Il y a, en revanche, une autre étude scientifique que le géant américain peut difficilement contester puisqu'il l'a lui-même financée. Elle concerne d'autres de ses usines en activité dans des sites où les nappes phréatiques sont surexploitées. Réalisée par le TERI (The Energy and Resources Institute), l'étude indique en particulier que l'usine située à Kaladera, au Rajasthan, participe à "la détérioration de la situation de l'eau, et aux tensions avec les communautés avoisinantes."

L'institut dirigé par Rajendra Pachauri, par ailleurs président du GIEC (Groupe d'experts intergouvernemental sur l'évolution du climat), ne voit pas vraiment comment la situation pourrait s'améliorer et recommande la fermeture de l'usine ou sa délocalisation. Coca-Cola persévère et estime avoir mis en place un système de récolte d'eau de pluie qui, "potentiellement", permettrait de recharger les réserves d'eau souterraines.

Cette solution a pourtant été écartée par le TERI, pour une raison simple : les précipitations dans cette région proche du désert du Thar, sont faibles et irrégulières. Les chiffres fournis par le bureau de l'eau de l'Etat du Rajasthan sont éloquents : au niveau du district, les nappes phréatiques ont reculé de trois mètres dans la décennie qui a précédé l'ouverture de l'usine, et de 22 mètres, au cours de la décennie suivante. Certes, Coca-Cola n'est pas le seul responsable et a fait des efforts pour améliorer ses procédés de production. Il ne lui faut plus "que" 2,1 litres d'eau pour produire un litre de sa boisson contre 4,7 en 2004.

Au cours des dernières décennies, de nombreuses industries se sont installées dans la région et les agriculteurs se sont mis à cultiver des plantes qui consomment davantage d'eau. "Mais pourquoi s'entêter à puiser dans des nappes phréatiques alors que la situation s'aggrave de jour en jour?", s'agace Amit Srivastava, directeur de l'ONG India Resource center. D'autant que dès 1998, soit deux ans avant que Coca-Cola construise son usine, l'agence centrale des nappes phréatiques avait classé l'endroit en "zone surexploitée".

C'est surtout en été que la tension avec les agriculteurs est à son comble.

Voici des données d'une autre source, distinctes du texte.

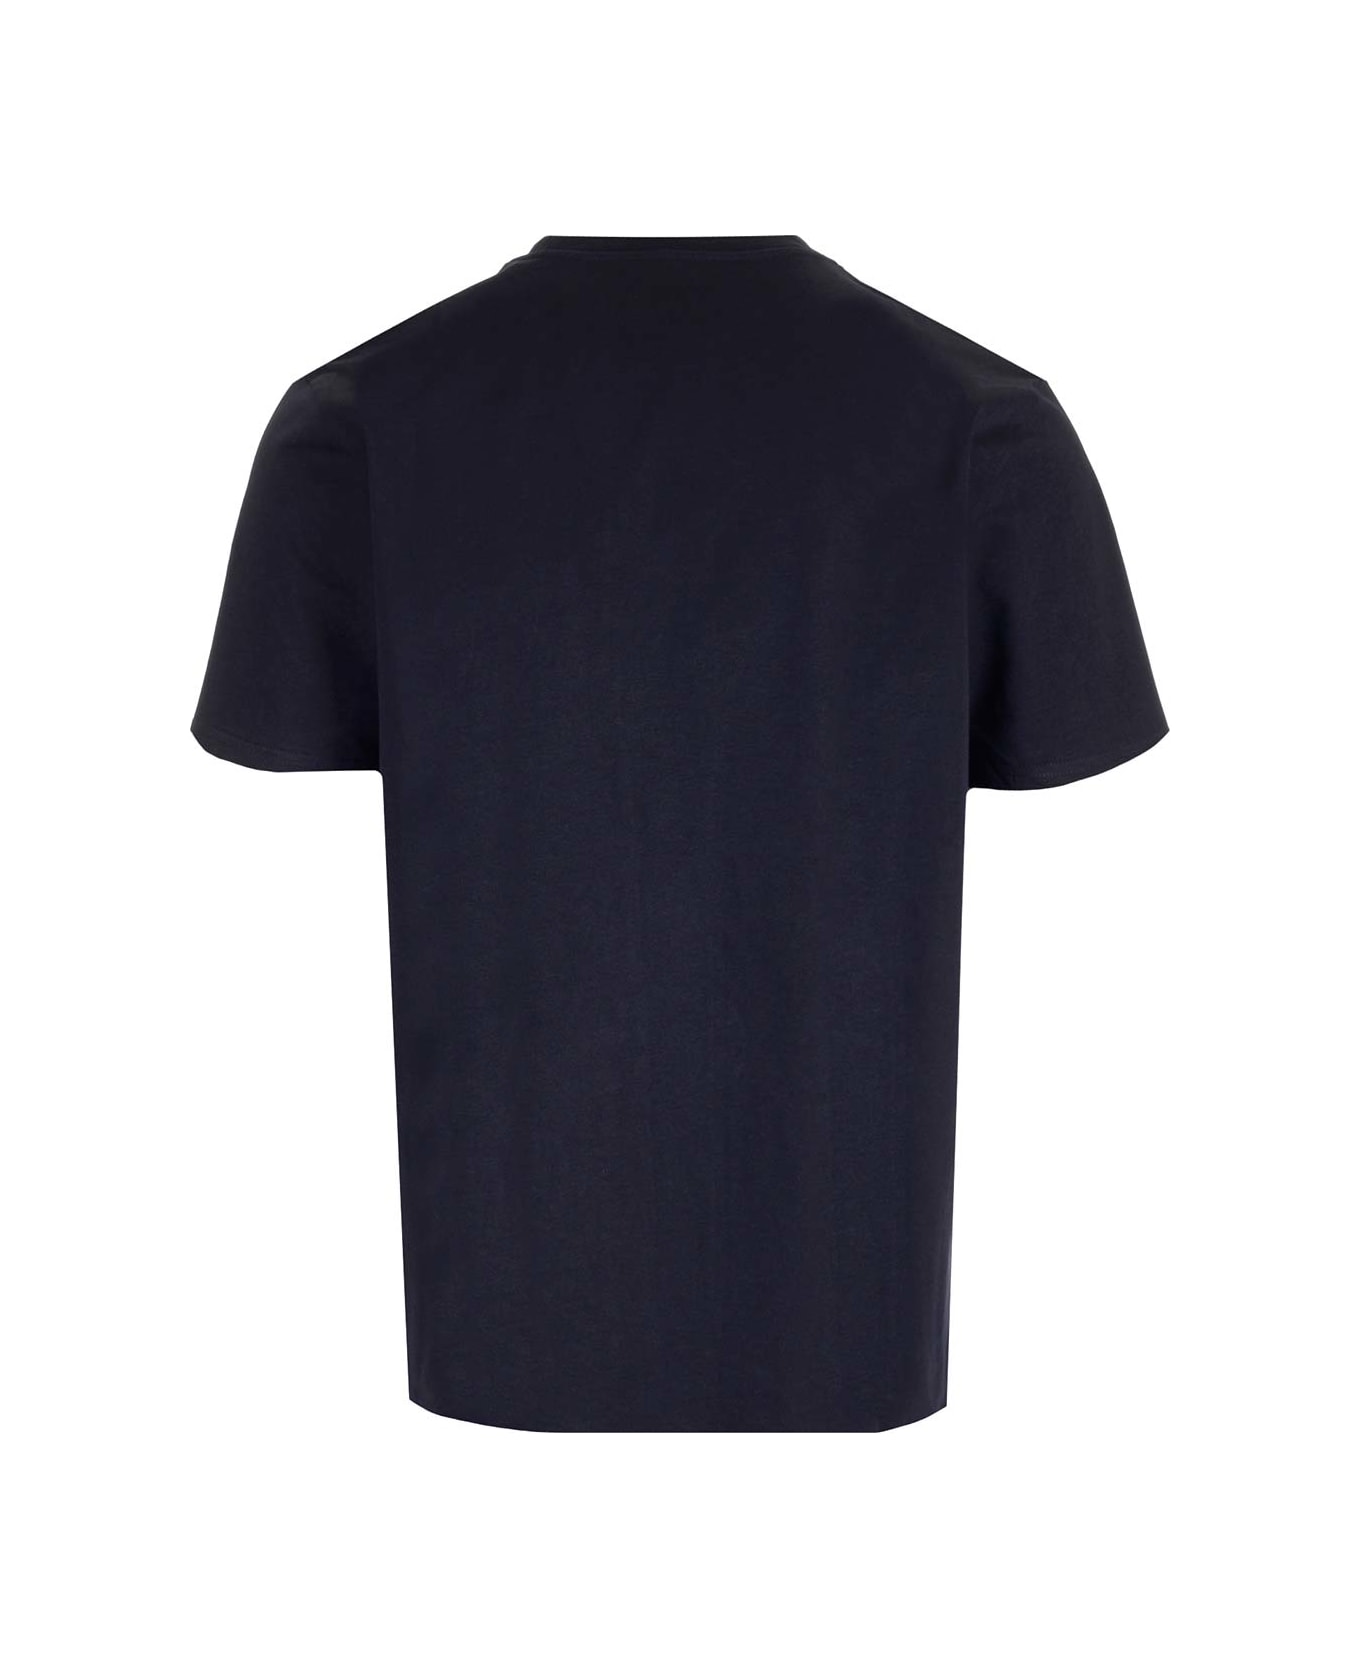 Carhartt Chest Pocket T-shirt - Dark navy

Lorsqu'il fait chaud, les agriculteurs ont besoin d'arroser leurs champs tandis que Coca-Cola doit augmenter sa production pour répondre à la forte demande.

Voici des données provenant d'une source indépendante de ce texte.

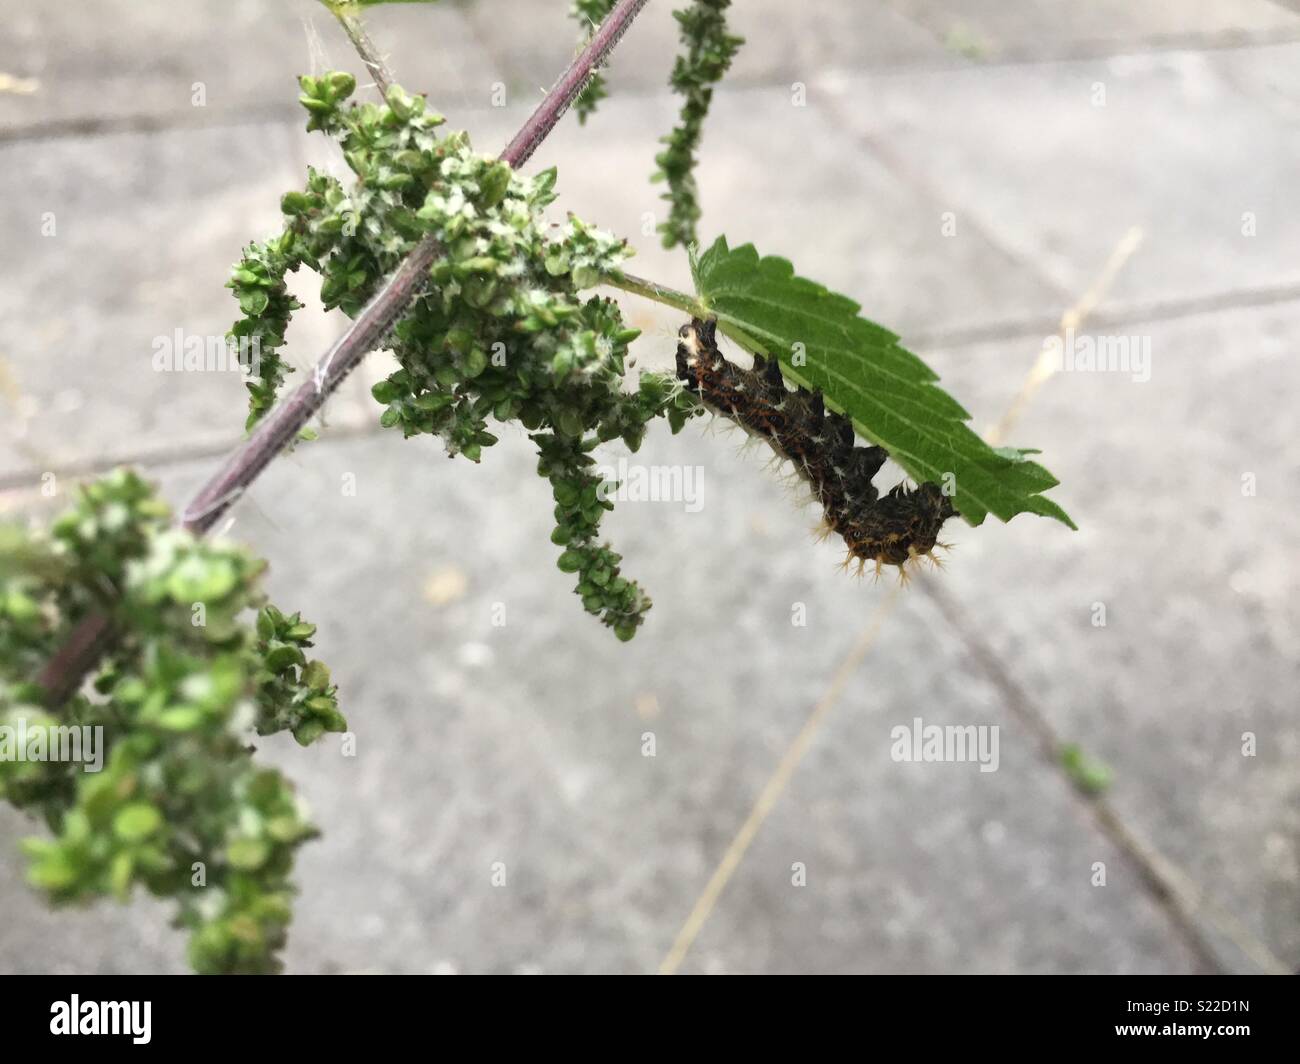 Comma caterpillar feeding on a nettle Stock Photo

Des manifestations ont déjà eu lieu. Et la police a interdit aux opposants de l'usine de s'en approcher dans un rayon de deux kilomètres. "L'eau est un bien commun et les agriculteurs perçoivent mal le fait qu'une usine s'approprie autant d'eau surtout en période de sécheresse", regrette Amit Srivastava

L'absence de cadre juridique clair, dans certains Etats, alimente les tensions. Alors que la législation en matière d'exploitation des nappes phréatiques dépend des Etats, seuls 9 sur 28 ont voté une loi, récemment. " Il est parfois difficile de remettre en cause des accords signés il y a dix ans quand la loi sur les nappes phréatiques n'était pas encore en application pas ou quand les préoccupations sur l'eau n'existaient pas ", souligne Sujit Koonan, chercheur à l'université Jawaharlal Nehru de Delhi.

"Ce dont nous avons besoin, c'est d'un changement des mentalités parmi les fermiers pour qu'ils ne gâchent pas l'eau avec leurs méthodes traditionnelles d'irrigation mais qu'ils se préparent à accepter les méthodes modernes comme le système d'irrigation de goutte à goutte", avait déclaré Kamlesh Sharma, le responsable de la communication de Coca-Cola à l'agence de presse Inter Press service, installée à Rome, en octobre 2009.

Le fabricant de boissons, qui n'a pas souhaité répondre aux questions du Monde, a financé 331 projets d'irrigation de ce type. Mais ce système nécessite un entretien coûteux, et un savoir-faire qui n'est pas accessible à tous.

Nombreux sont ceux qui doivent chercher l'eau de plus en plus loin sous terre, avec des pompes qui fonctionnent au diesel. Le manque d'eau coûte cher, surtout aux plus démunis.